Aujourd'hui, chaque État évalue la folie selon sa jurisprudence propre. Dexter aura de la chance s'il tombe sur un tribunal où son «passager noir» sera vu comme un trouble obscurcissant son jugement, et pas comme le mal absolu.

Et donc, si l'argument de la folie peine à convaincre – comme on peut le prévoir – que se passera-t-il? Ne nous leurrons pas: Dexter a réellement commis beaucoup d'homicides. Si les preuves collectées par le ministère public sont suffisantes, il sera reconnu coupable. Ses avocats tenteront alors d'atténuer sa peine autant que faire se peut. Et ils auront du pain sur la planche: si le procès se passe en Floride, au Texas, dans le Mississippi ou l'Alabama, il y a fort à parier que c'est la peine de mort qui sera requise par l'accusation.

Homicide ou service public?

Le fait que Dexter n'assassine que des assassins fera-t-il la moindre différence? «Si je devais défendre Dexter», déclare Jacobson, «j'essayerais de recueillir des faits prouvant que ses victimes méritaient la mort.
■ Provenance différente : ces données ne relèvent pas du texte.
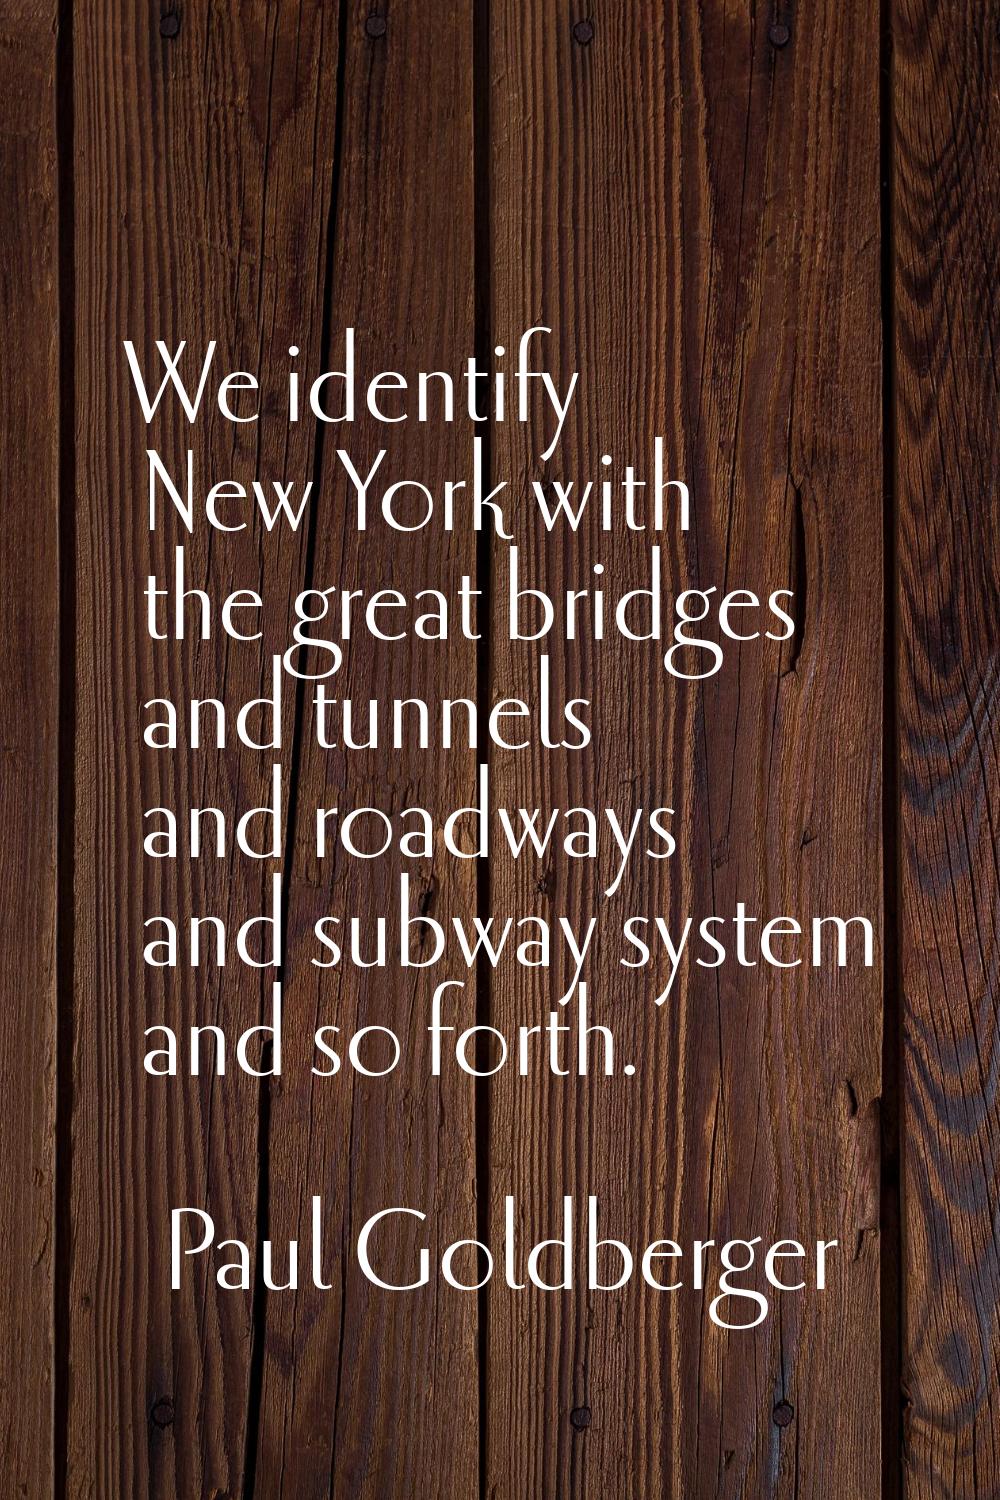 We identify New York with the great bridges and tunnels and roadways and subway system and so forth
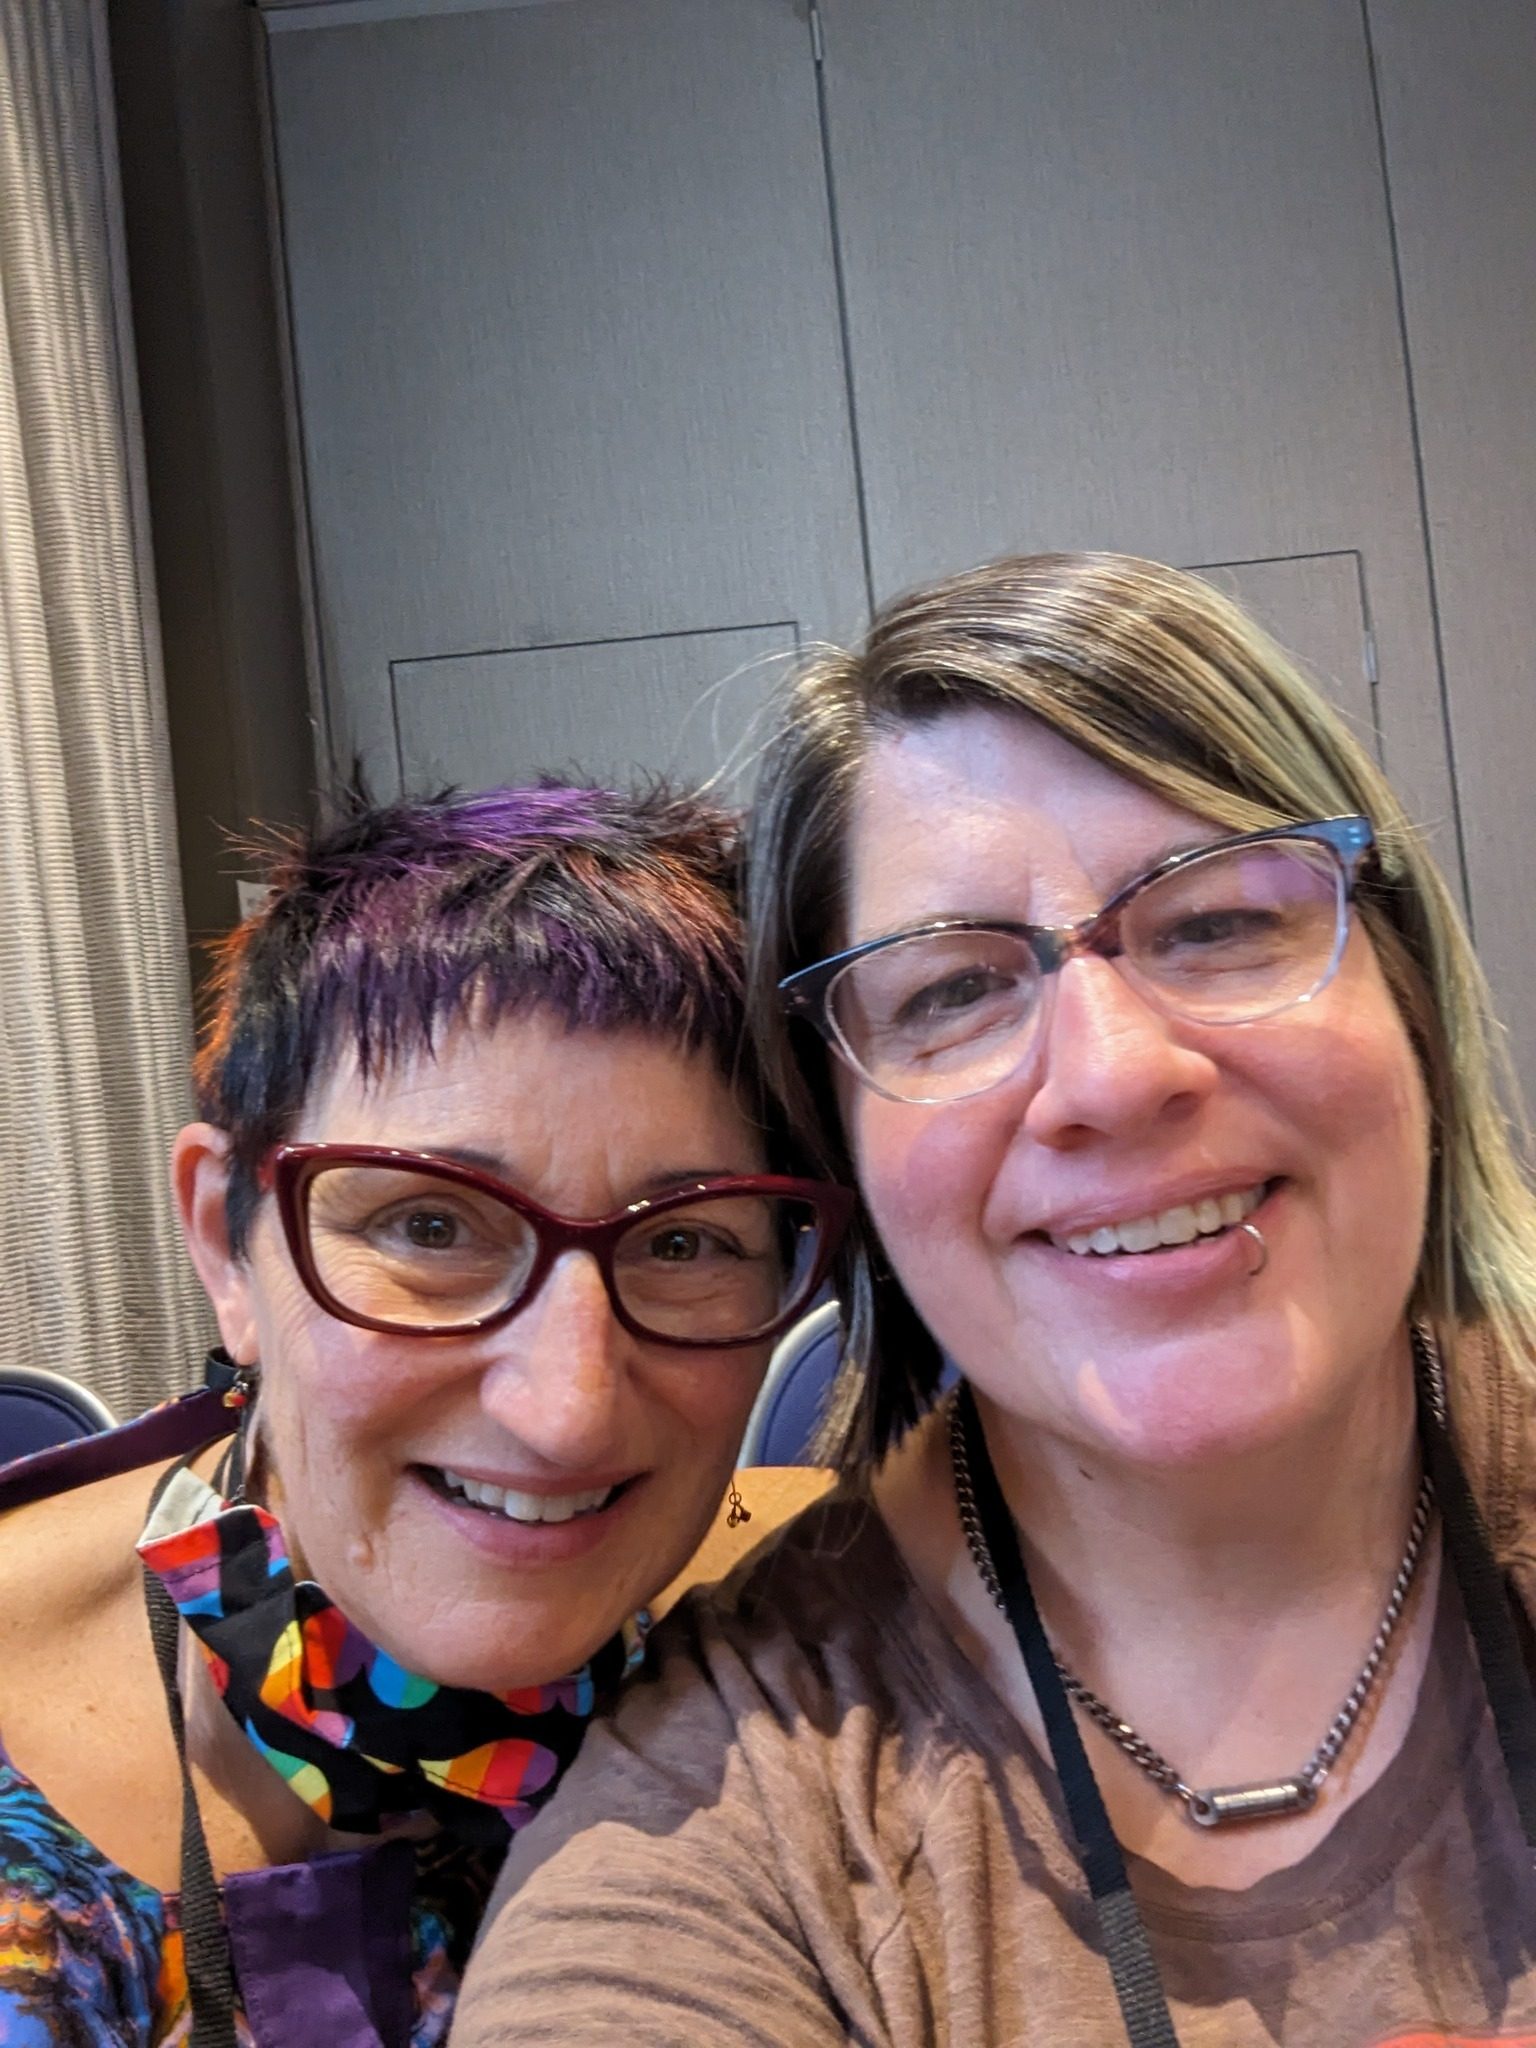 2 middle-aged white women with glasses pose smiling for a selfie

Et je ferais tout mon possible pour que le jury considère les agissements de Dexter comme relevant d'un service public». Mais, ajoute-t-il, il y a de grandes chances que le ministère public récuse de telles preuves, et ce pour des questions de pertinence:

«Pour le jury, il serait inconvenant de justifier un verdict en disant que ces types auraient été reconnus coupables, s'ils avaient été convenablement jugés. Notre système juridique repose sur l'idée que vous êtes innocent tant que vous n'avez pas été déclaré coupable par un jury de pairs».

Et dans tous les cas, Dexter tue souvent des gros méchants qui, pour une raison ou pour une autre, demeurent inatteignables par la justice américaine. Au terme d'un éventuel procès, nombreux sont ceux qui auraient été reconnus non-coupables, ce qui n'arrange rien pour Dexter.

A ce stade, imaginer l'idole de mes dimanches soirs à la merci la justice me donne envie de me rouler en boule et de m'arracher les cheveux.

Mais d'ici quelques temps, les progrès des neurosciences pourraient – je dis bien pourraient – faire du système judiciaire un lieu bien plus avenant pour mon petit Dex. Les tribunaux commencent à examiner des relevés d'IRM fonctionnelle qui remettent en question la notion de libre-arbitre. Des cours se demandent si des anomalies cérébrales spécifiques ne pousseraient pas certaines personnes à s'engager sur les sombres chemins du crime, s'il n'existerait pas des «criminels-nés», si «c'est la faute aux neurosciences» ne pourrait pas, un jour, relever d'une ligne de défense acceptable.

S'il faudra certainement attendre longtemps avant de voir le système judiciaire subir des changements aussi substantiels, Dexter pourrait continuer à jouer au chat et à la souris jusqu'à ce qu'on en sache davantage sur le fonctionnement cérébral des gens comme lui. A ce moment-là, grâce à son adorable regard de chien battu et, hum, en mettant en avant une profusion de facteurs biologiques précoces, il pourrait sans doute réussir à attendrir le plus stoïque des jurés.

Ou, autre possibilité, la prochaine fois qu'il aura à tuer quelqu'un, il redoublera de précaution pour ne laisser aucune trace derrière lui.